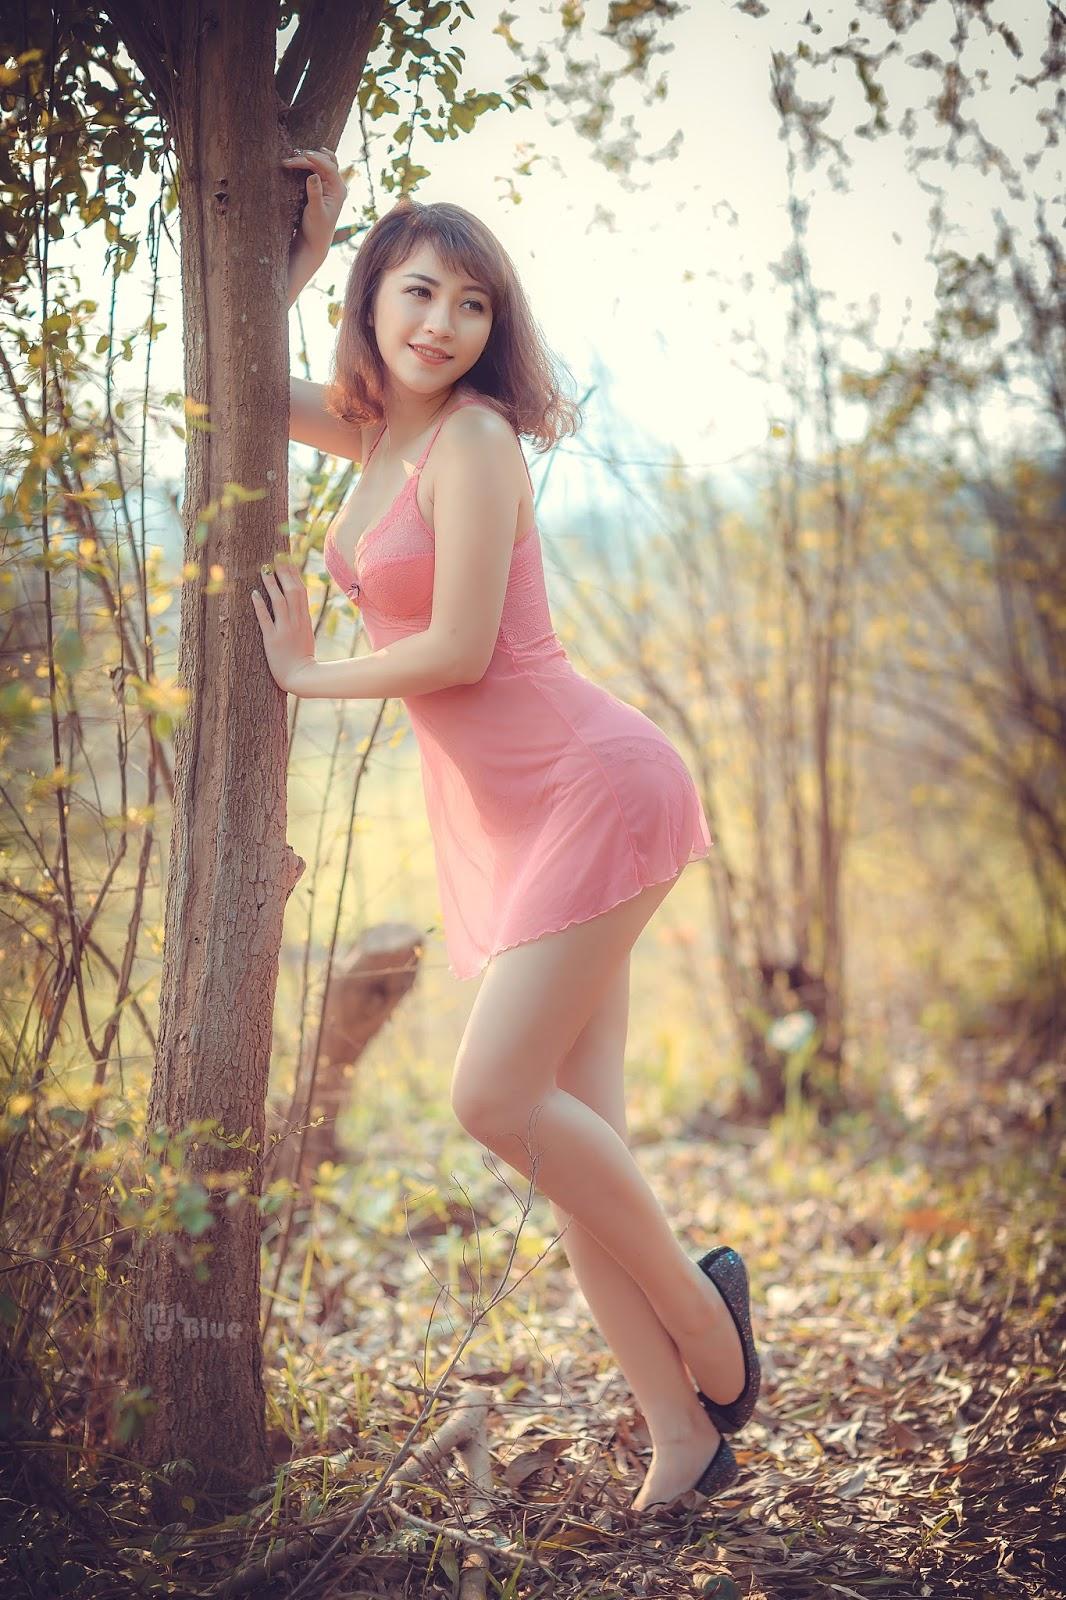 Hoa Hậu Ngọc Diễm Lộng Lẫy Và Gợi Cảm - Sexy Girls, Beauty
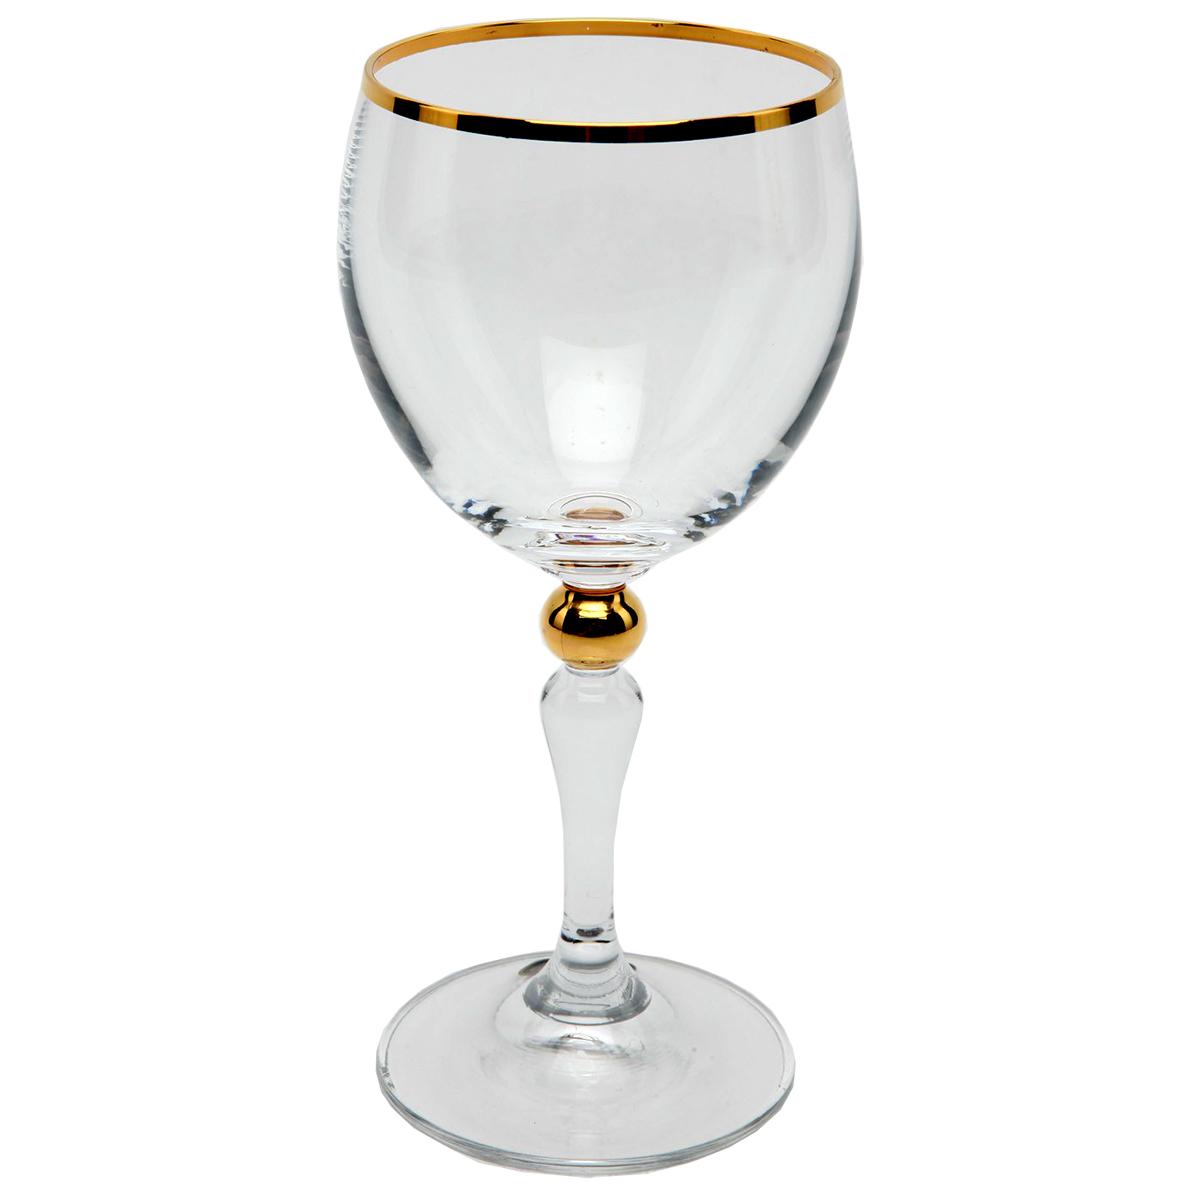 """Бокалы для вина Bohemia Crystal коллекции """"Кармен"""" порадуют не только вас, но и ваших гостей. Они обладают привлекательным внешним видом, а материалом их изготовления является высококачественное хрустальное стекло. Кроме того, красоту бокала подчеркивает элегантная форма ножки. Объем составляет 200 мл. Количество в упаковке 6 шт."""
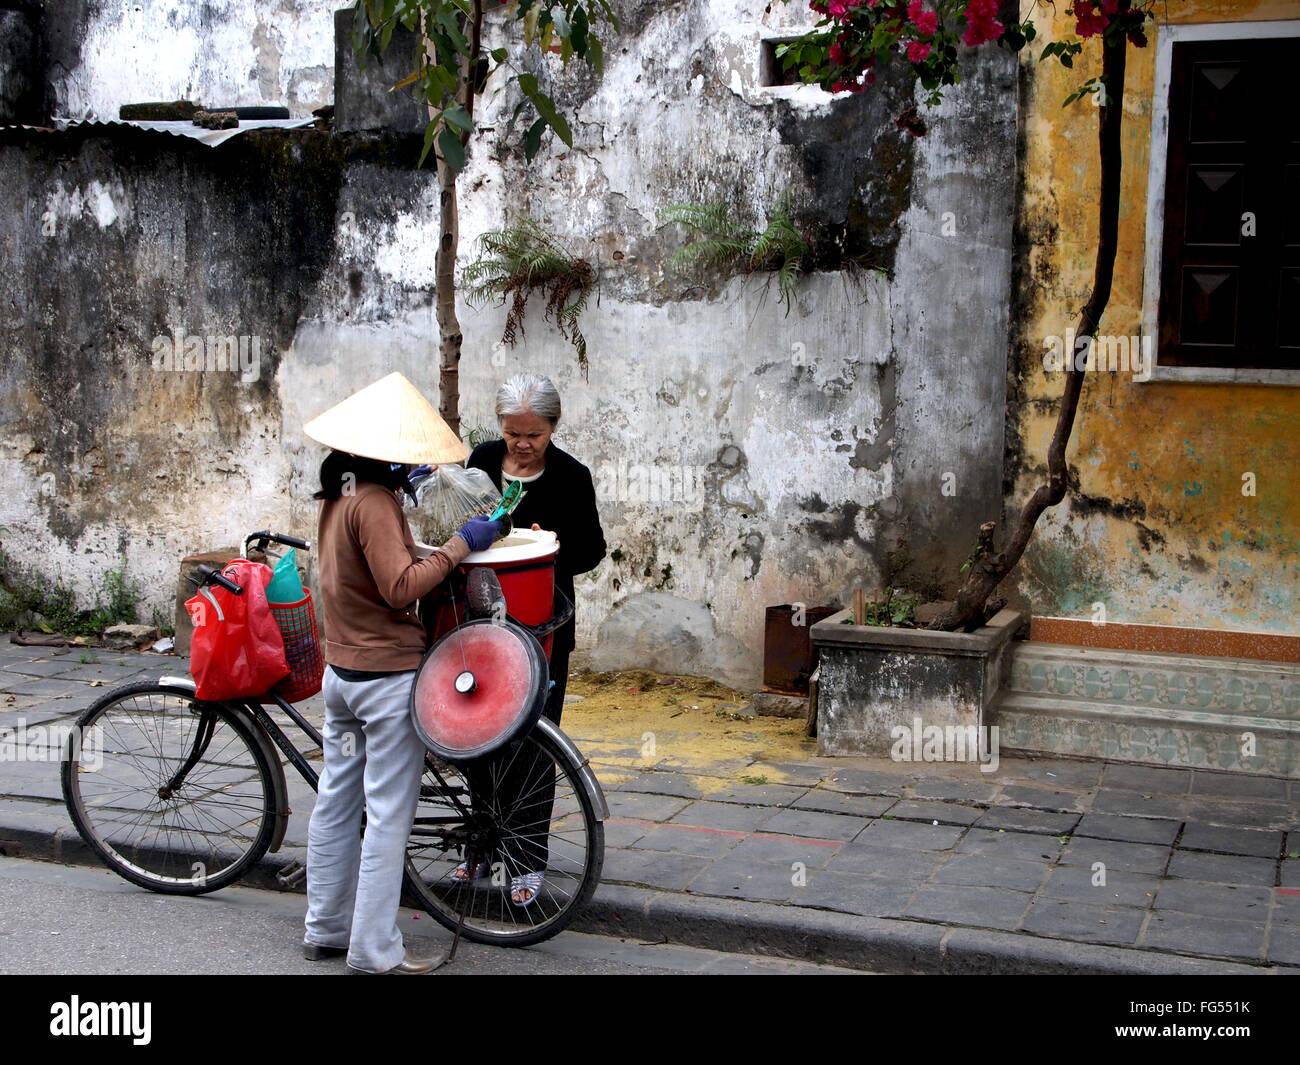 buying street food in Vietnam - Stock Image
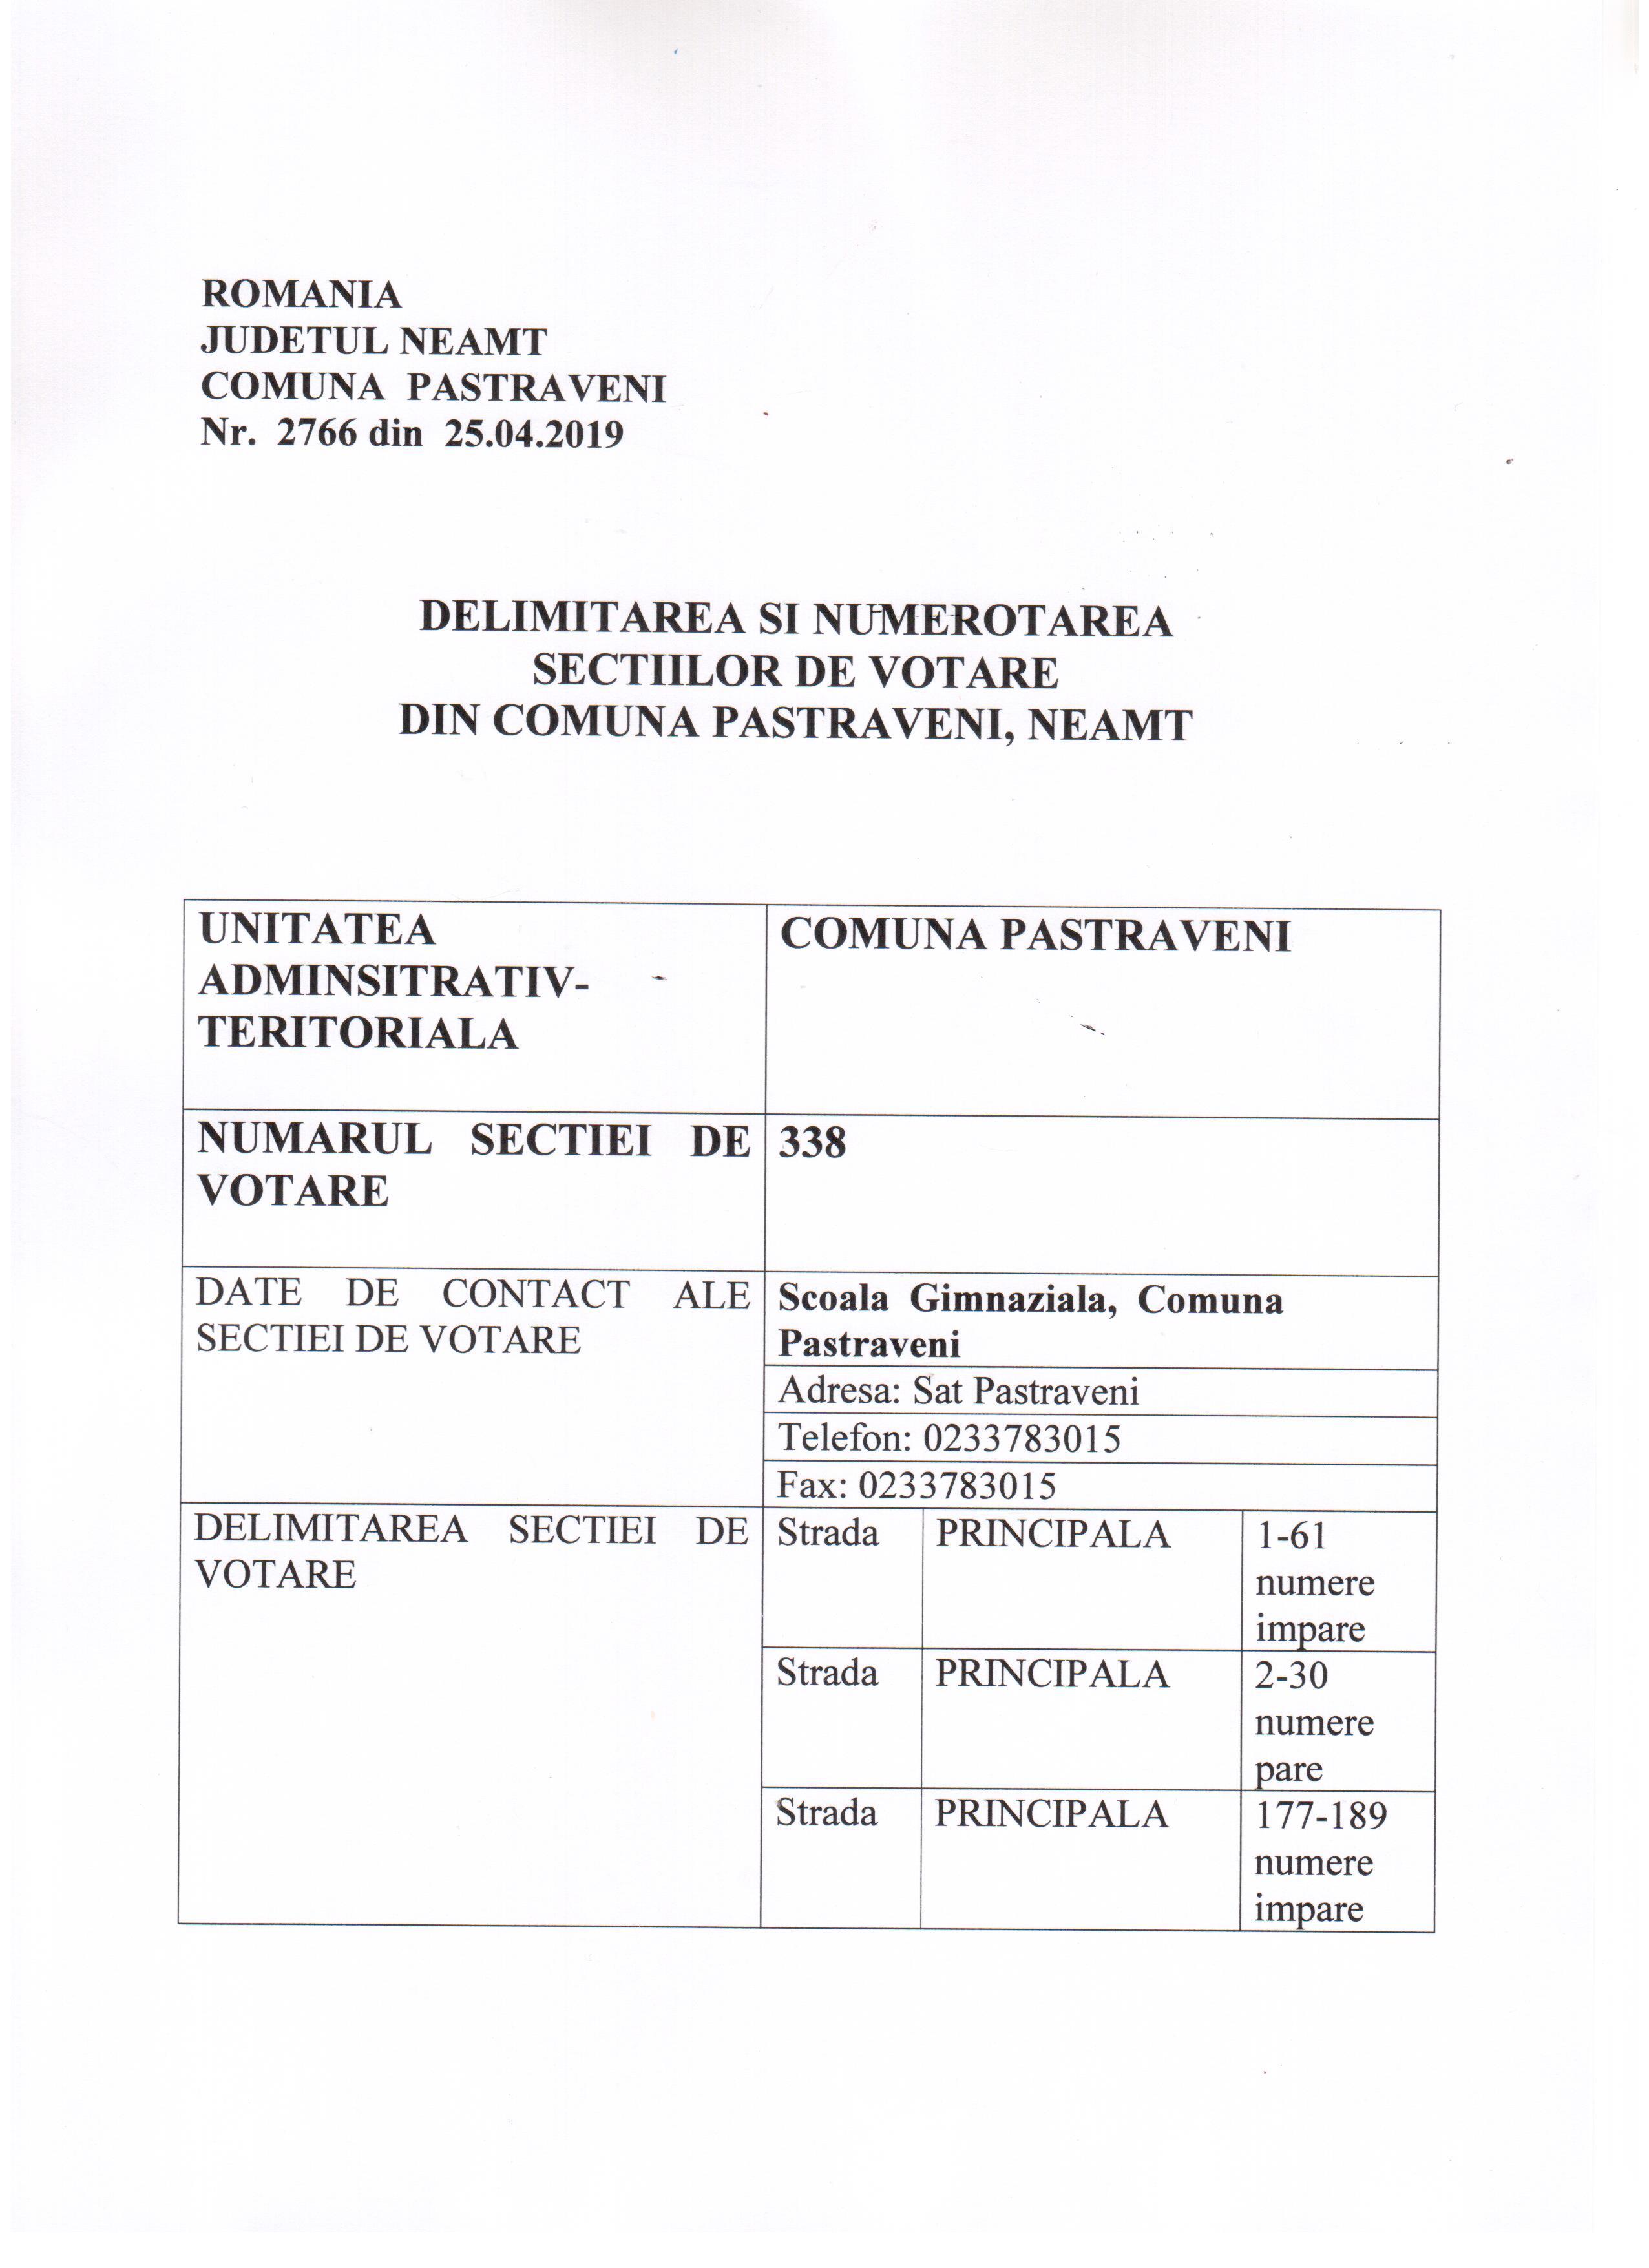 numerotare sectii votare 1

··········

Transcribe the lines that run from the line bearing "buying street food in Vietnam - Stock Image" through the last line of the data. Keep the wording exact and leave out every picture.

Your solution
 buying street food in Vietnam - Stock Image
 numerotare sectii votare 1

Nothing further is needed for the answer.